Red dwarfs also subject their planets in the putative habitable zone to much stronger stellar winds and flare radiation, which makes survival of their atmospheres problematic.
With our current methods we really only are able to detect rocky planets if they are close to a red dwarf and reasonably big.
It’s a bit like losing your key and looking below the street light because that’s the only place you can see - only that the street is littered with millions of potential keys anyway.
All these planets are necessarily tidally-locked to their star.
That represents an extremely poor environment to try to evolve life in. The only temperate place would be a ring at the terminator with the sun permanently just above the horizon.
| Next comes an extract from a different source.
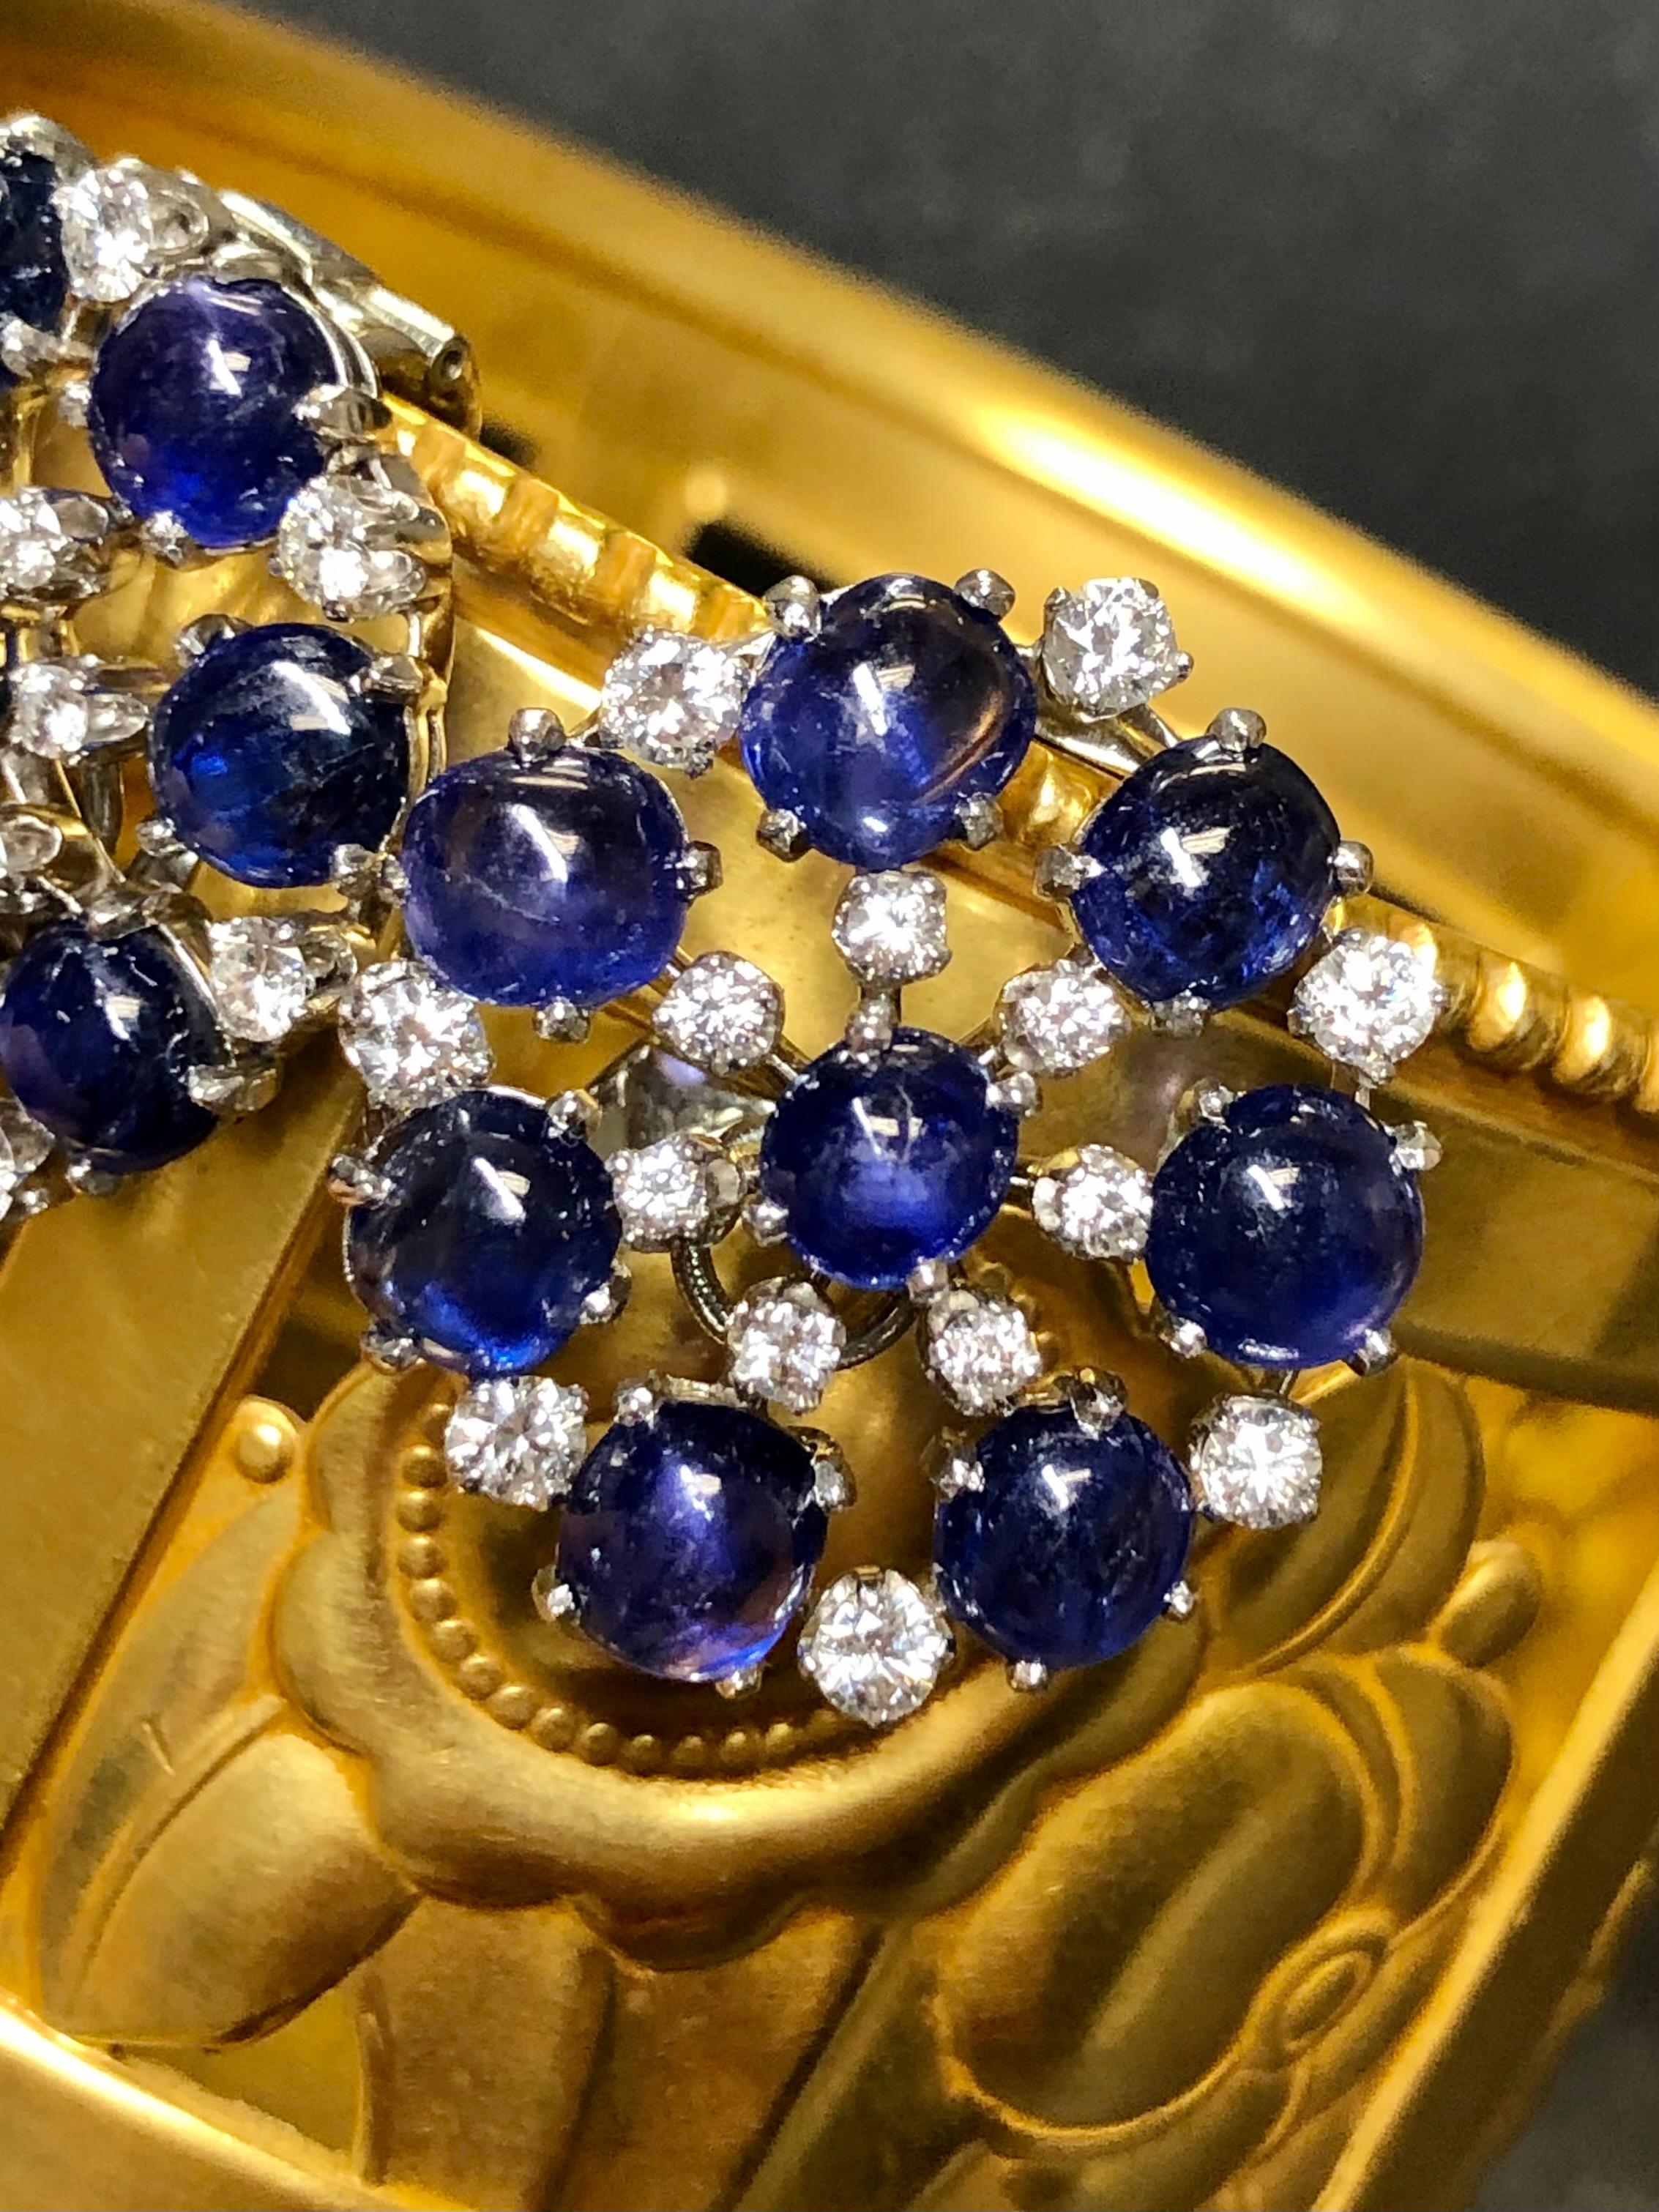 Gorgeous vintage earrings c. the 1950’s done in platinum (14K backs as tested) set with approximately 16cttw in natural

Cabochon sapphires averaging 1ct each. Separating the sapphire is approximately 1.80cttw in larger G-H color Vs diamonds. The

With a very massive moon -- or a double planet, like Pluto/Charon, it might be possible to avoid tidal lock.
One of he planets receives 0.67, and the other, 0.257 of the Sun's light flux. The sun-facing surface, with the star directly above, may be the most habitable part, while the other side is likely colder than Antarctica.
With an ocean of liquid water evaporating on the sunlit side and condensing away from it, but flowing back through the ocean (and even rivers), the sunlit area may (theoretically) have relatively a temperate climate, as opposed to being a star-scorched dry desert.
This system is less than 5 parsecs / 16 LY from Sun, which likely makes it one of the systems more amenable to detailed research, as bigger telescopes become available.
More probably up to an equilibrium. Everything getting to the cold side will freeze and stay there but it must get there first.
My naive model: atmosphere on the warm side goes up, moves with hot humid air toward the cold side, goes down and back to the warm one with cold dry air.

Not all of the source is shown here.